Just to recap, we got this by (a) noting there is no restriction the first box we fill (9! cases), (b) there are 54 ways of assigning digits to rows in the second box so that they don't clash with the first box -- see my earlier post -- and digits WITHIN each row are unrestricted (3! for each row ie 3!^3) (c) the allocation to rows in the 3rd box are now all fixed, but there is freedom on the allocation within rows (3! for each row ie 3!^3).

I had then proceeded to construct a chute perpendicular to the first (actually creating a + shape but the same arguments would apply if constructing an L or a T) - analagous to (b) and (c) there would be 56x(3!)^3 ways of filling the fourth box and (3!)^3 ways of completing the fifth box.

At this point I had used analagous arguments to (b) to enumerate the possibilities for the remaining boxes and it looks like the choices we have already made have differing effects on completing the rest of the puzzle (ie we have to identify subcases). This must be the case, else Tinfoil and I would have come up with the same number, as we basically applied the same philosophy but in a different order! And Tinfoil's flaw must also be present in mine.

I must write another program! I started using my current program and whatiffing constraints, and concluded that (a) such an approach would take too long but (b) my previous estimate was several oders of magnitude too high, as I could see the light at the end of the tunnel if I had enough time.

I'm concerned about IJ's "generator" approach - I too wonder if a mix of reordering, relabeling, shuffling, rotations and reflections can bring us back to our starting point! Also, does it generate every possibility? I'd like to think about this some more.

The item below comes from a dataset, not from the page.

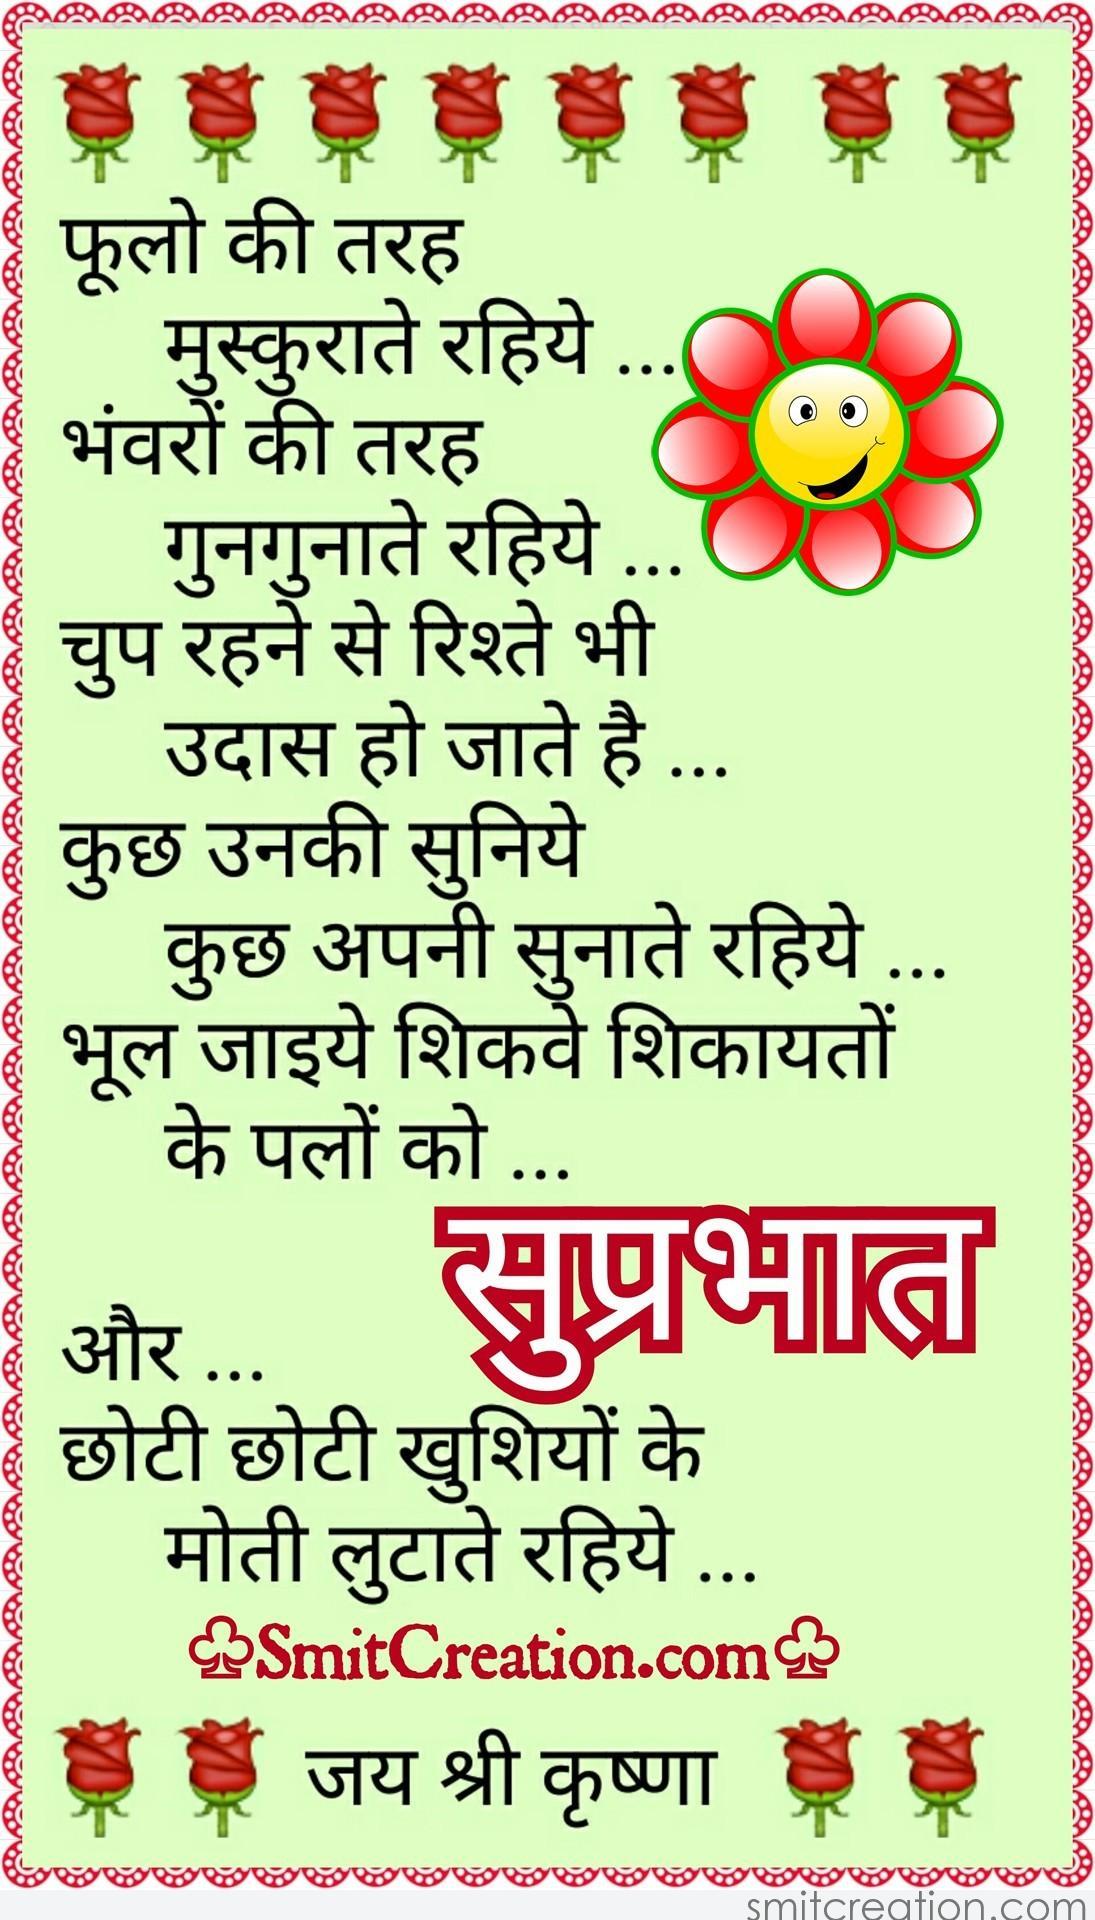 Best Gujarati Quotes Wallpaper Shubh Prabhat Shayari Pictures And Graphics Smitcreation

Tinfoil's "leap of faith" in his step C may be a leap too far. Just like the whittling of mu 54^2 possibilities for box one down to 448 (or 432 or 400 or 392 or 384!), the fact that our row and constraints interfere with one another leads me to guess you will end up several orders of magnitude too high.

I'd like to propose a new approach. Before it was a top down approach: fill in one block; what does this imply about other blocks in the same stack?; what does this imply about other blocks in the same band?; what does this imply about other blocks elsewhere?

Suppose we are filling in a block; how many ways of filling it in are there, if we have already filled in a blocks in the same band and b in the same stack? (By symmetry, only need to consider a>=b)

a=0 b=0 ie block 5 in my first stab 9!
a=1 b=0 ie block 4 in my first stab 54x(3!)^3
a=2 b=0 ie block 6 in my first stab (3!)^3
a=1 b=1 ie block 1 say Originally I said 54x54; now 384-448 depending choices already made
a=2 b=1 ie block 3 and 7 Originally 54 but clearly 0 or 8 depending on choices already made*
a=2 b=2 ie block 9 say Originally 1 but actually 0 or 1 depending on choices already made

So a new upper bound would seem to be

9! x 54 x 3!^6 x 448 x 8 x 8 = 26,213,335,317,872,600

What I want to do now is do a bottom up approach - start with a=2, b=2 and work towards a=0, b=0, asking questions like "what constraints on the grid make the a=2, b=2 case 0 rather than 1? Or the a=2, b=1 case 0 rather than 8? etc
tannedblondbloke

Posts: 16
Joined: 09 April 2005

I agree that we are agreed on 9! x 56 x 3!^6 for any "chute". This leads to 9! x (56 x 3!^6)^2 for any cross shape (L, T, +, etc., where we have one vertical chute and one horizontal chute). [Did you miss out blocks 2 and 8 in your new upper bound, by the way?] So, this gives the possible ways of filling in blocks 1, 2, 3, 4 and 7. We can fill in block 5 and block 9 in at most 448 ways each. Then blocks 6 and 8 can be filled in at most uniquely. This gives the upper bound: 9! x (56 x 3!^6)^2 x 448^2, as IJ already gave, I think.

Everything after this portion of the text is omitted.